Abstract

Cell proliferation level is important in clinical diagnosis. Analysis of cell proliferation level can help to judge the development trend of patient's condition, which is helpful for diagnosis. In order to evaluate the level of cell proliferation, it is necessary to calculate the number and proportion of proliferating nuclei. However, when the number of nuclei is large, it will bring a great pressure on doctors, and the accuracy rate will also decline. To solve these problems, this paper proposes a scheme for automatic detection and counting of cell nuclei, which is large in number and densely distributed. Our dataset is obtained from mouse liver cells, a total of 136 samples, each containing 100-300 nuclei and the proliferation of nuclei are stained by immunohistochemical staining, of which 120 are trained using convolution neural network and 16 samples are tested to evaluate the effects of the models.

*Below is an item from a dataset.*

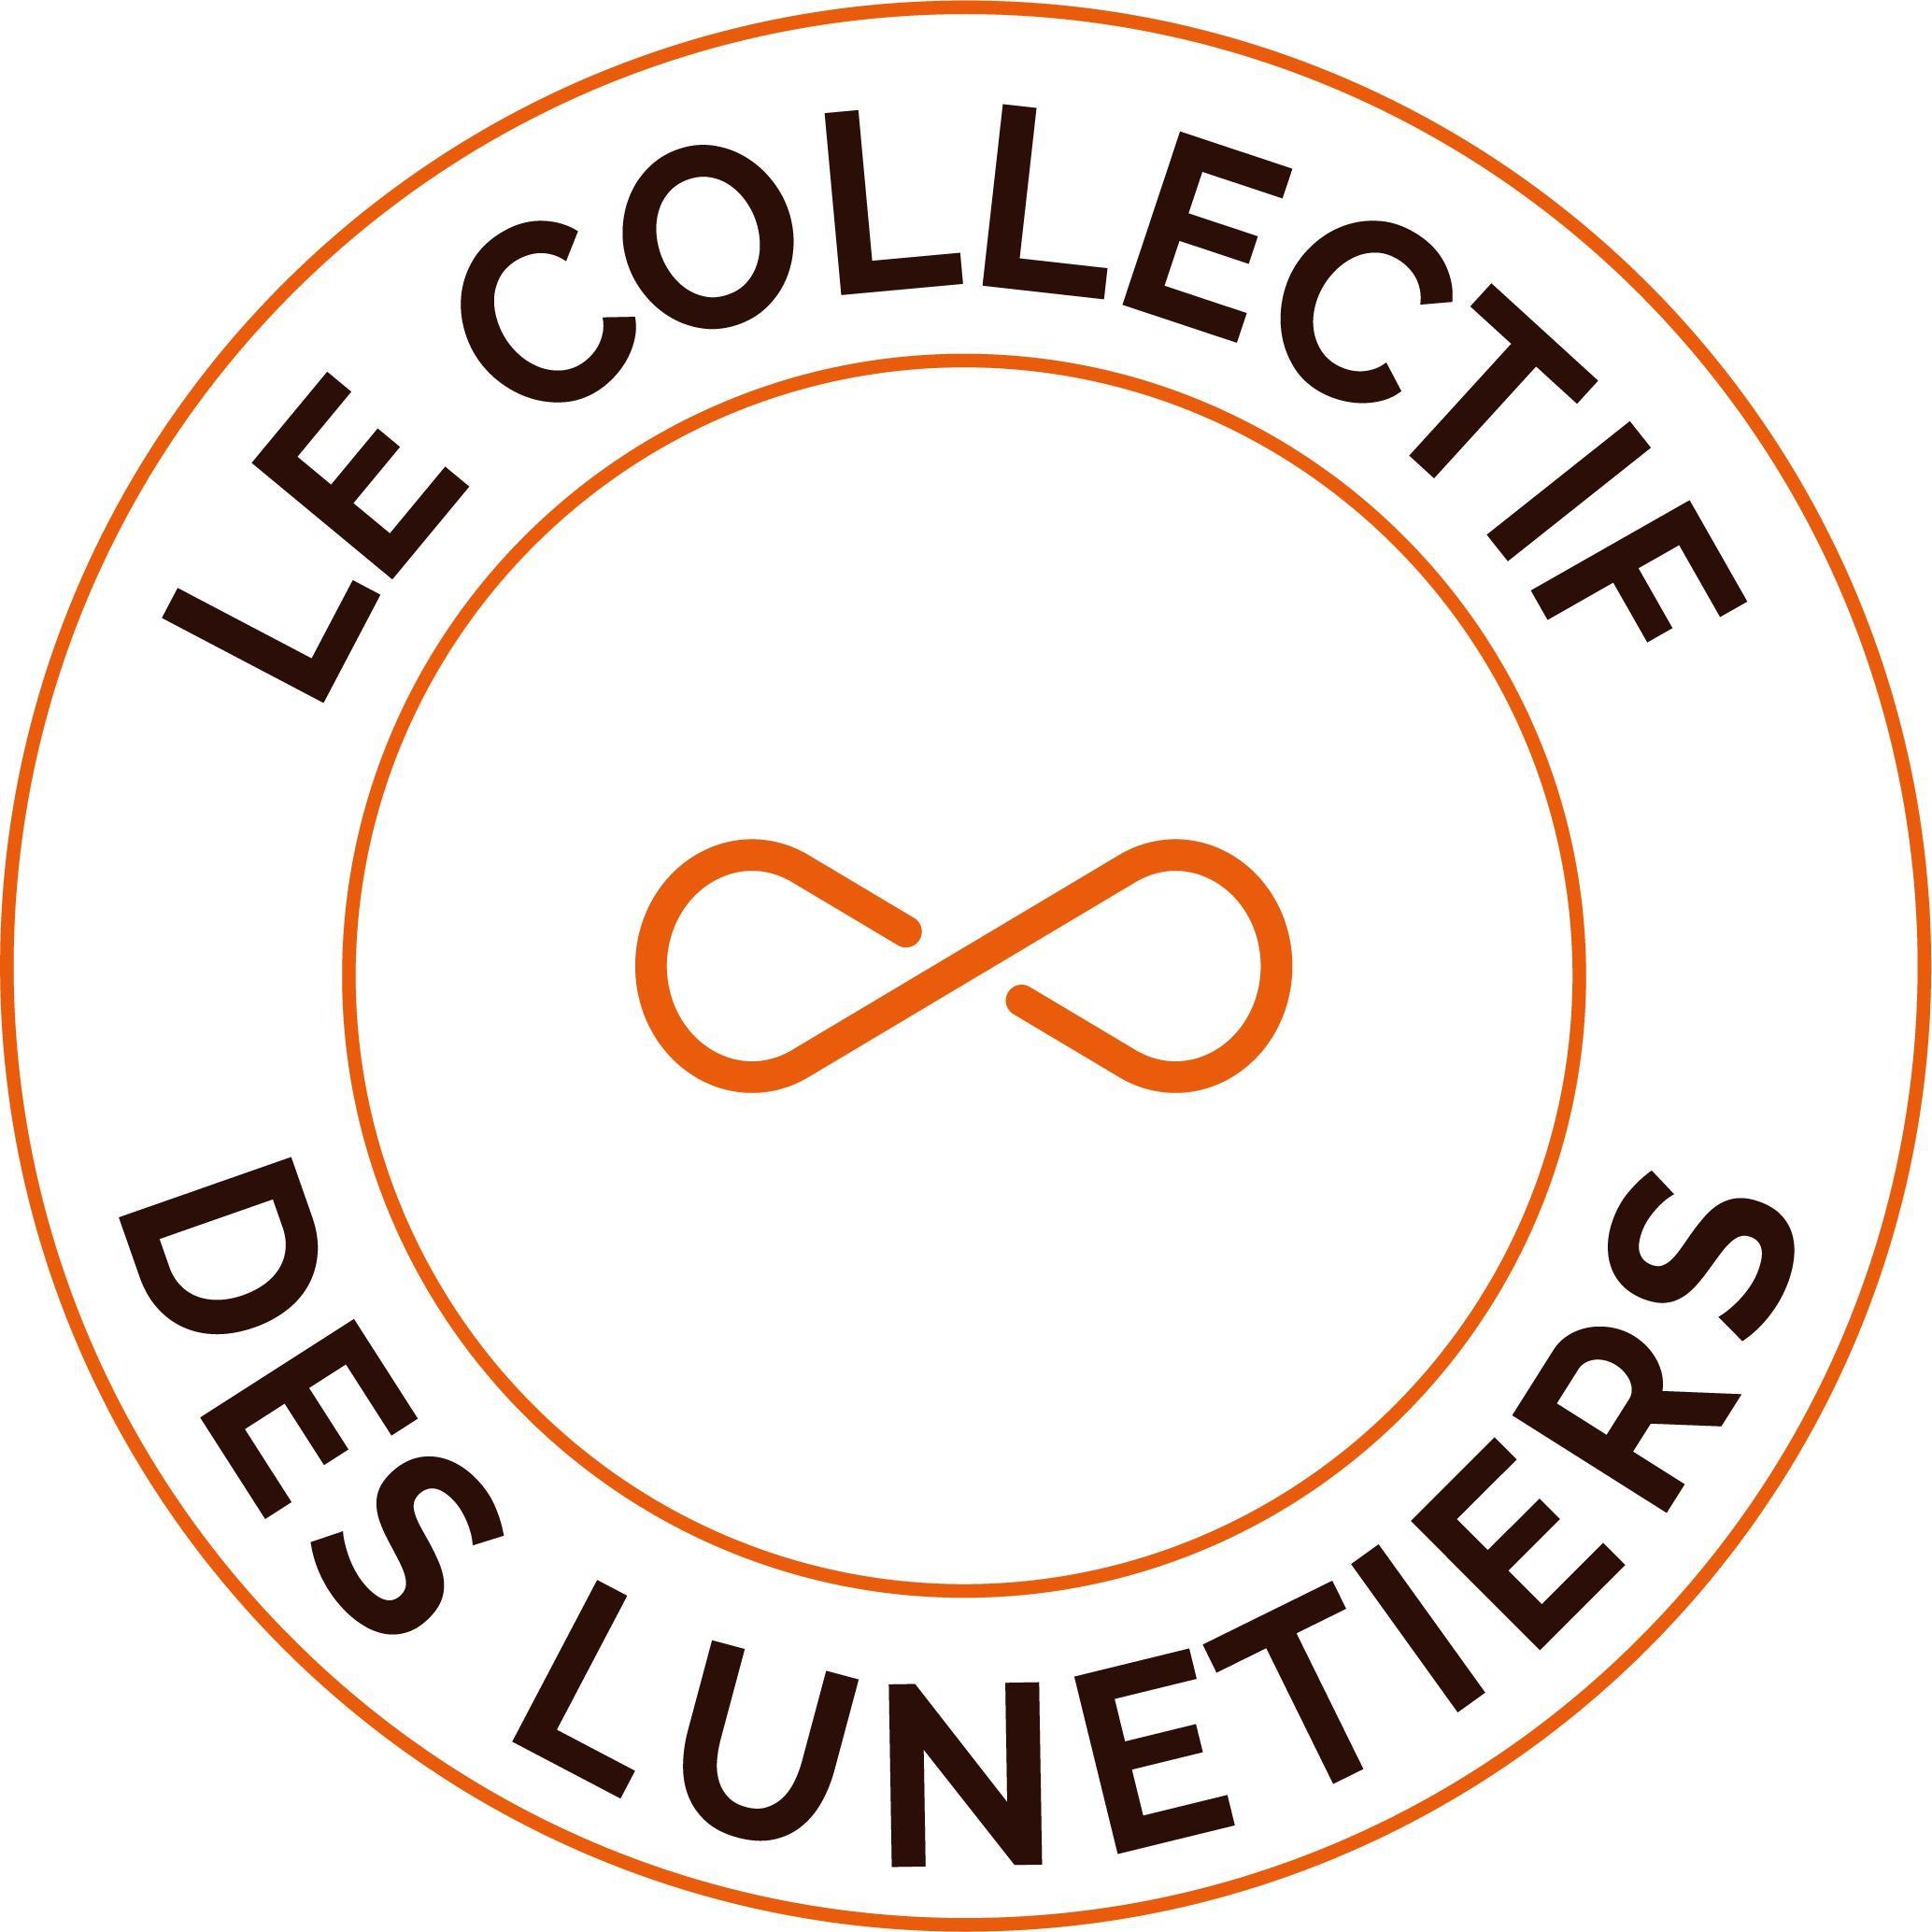 Le Collectif Des Lunetiers Châteaulin

Three models were trained by RetinaNet with backbone networks of Vgg6, ResNet50 and ResNet101 respectively, and compared with Image Pro Plus 6.0. Experiments show that our models achieve higher accuracy compared with 67.2% obtained by manual using Image-Pro Plus 6.0 for detection and counting. It can be seen that in terms of detection accuracy, our models are better than the analysis software widely used in hospitals, effectively solving the problems of long manual detection time and low accuracy. It can effectively help doctors to evaluate the level of cell proliferation, and then quickly make a corresponding diagnosis.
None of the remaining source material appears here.